DATA FOR REVIEW
▽
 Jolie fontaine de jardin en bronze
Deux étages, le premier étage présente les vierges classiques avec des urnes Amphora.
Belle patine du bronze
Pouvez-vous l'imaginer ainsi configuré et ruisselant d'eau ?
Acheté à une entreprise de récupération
△
▽
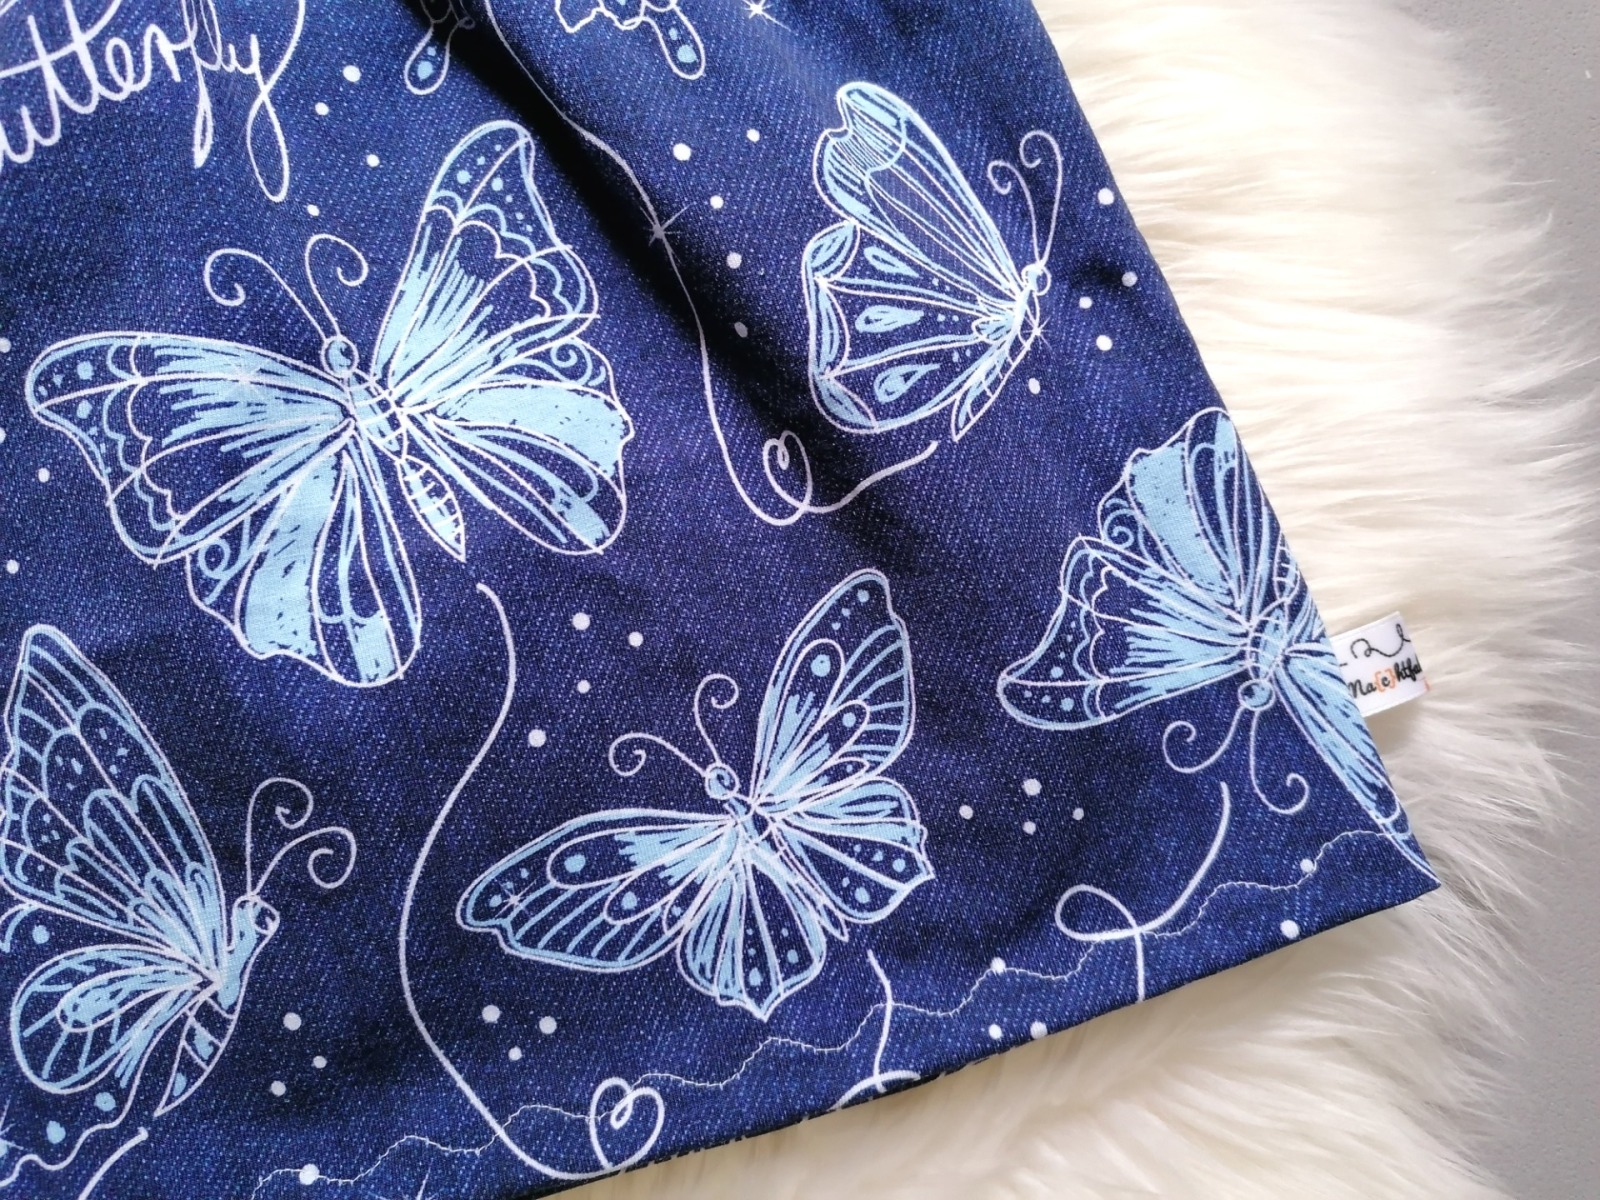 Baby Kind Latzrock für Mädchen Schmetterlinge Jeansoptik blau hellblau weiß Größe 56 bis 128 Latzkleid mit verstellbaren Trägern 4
△
▽
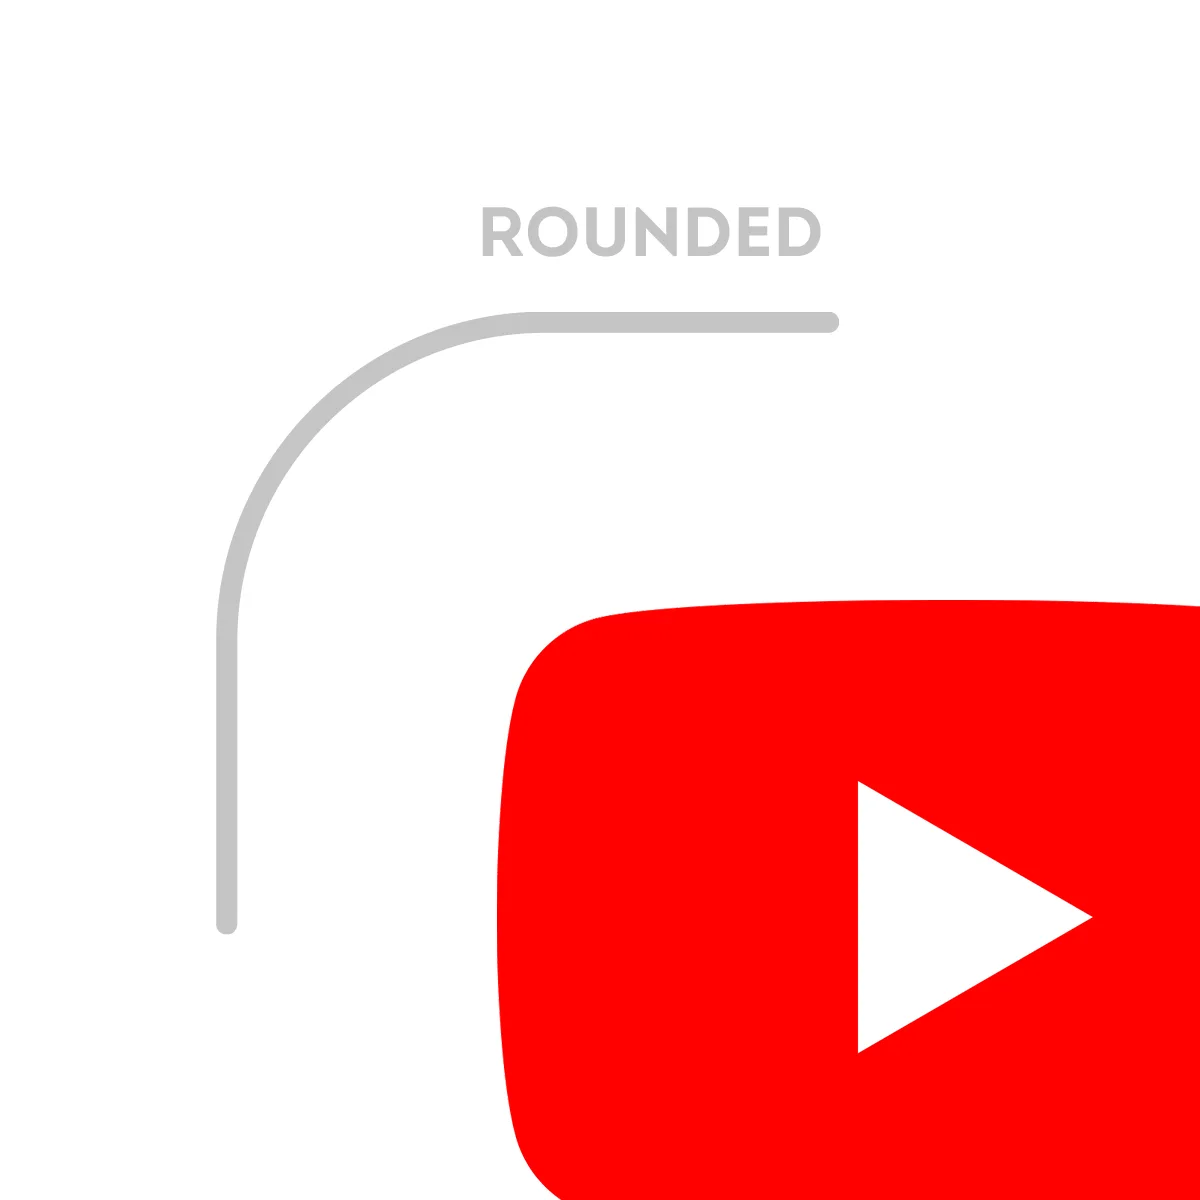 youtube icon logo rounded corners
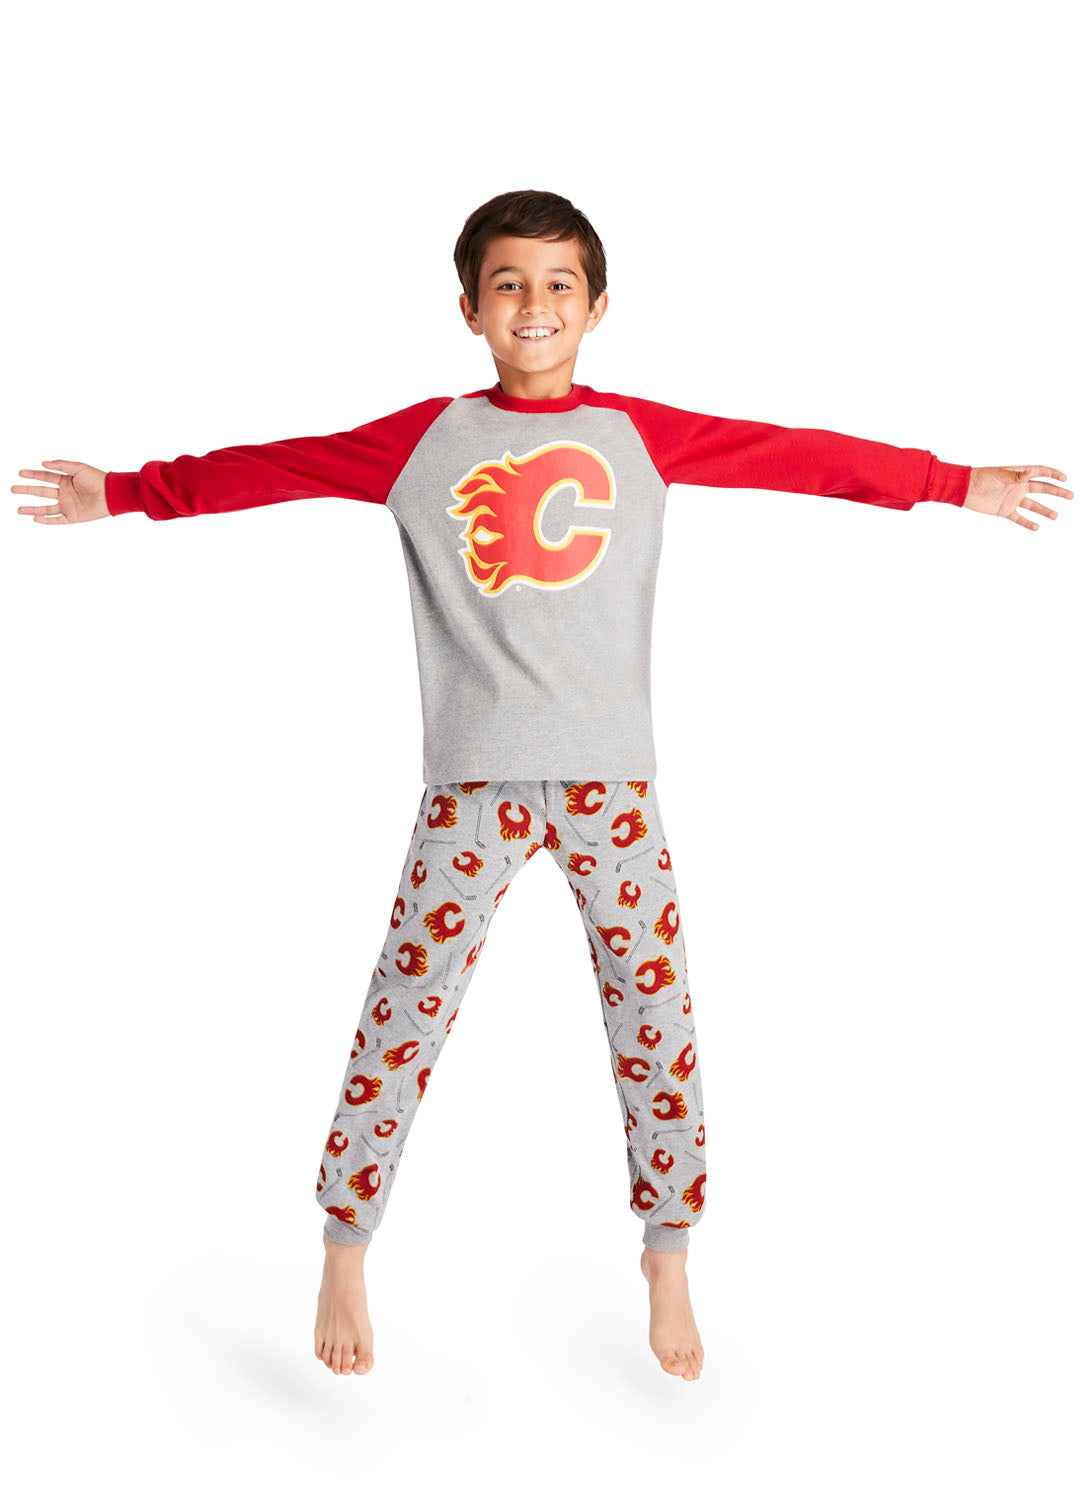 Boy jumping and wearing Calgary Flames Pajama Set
△
TASK TO COMPLETE
Only one stretch of the records above is wanted: the lines between the one holding "Jolie fontaine de jardin en bronze" and the one holding "Acheté à une entreprise de récupération", inclusive, reproduced exactly.

EXERCISE RESPONSE
 Jolie fontaine de jardin en bronze
Deux étages, le premier étage présente les vierges classiques avec des urnes Amphora.
Belle patine du bronze
Pouvez-vous l'imaginer ainsi configuré et ruisselant d'eau ?
Acheté à une entreprise de récupération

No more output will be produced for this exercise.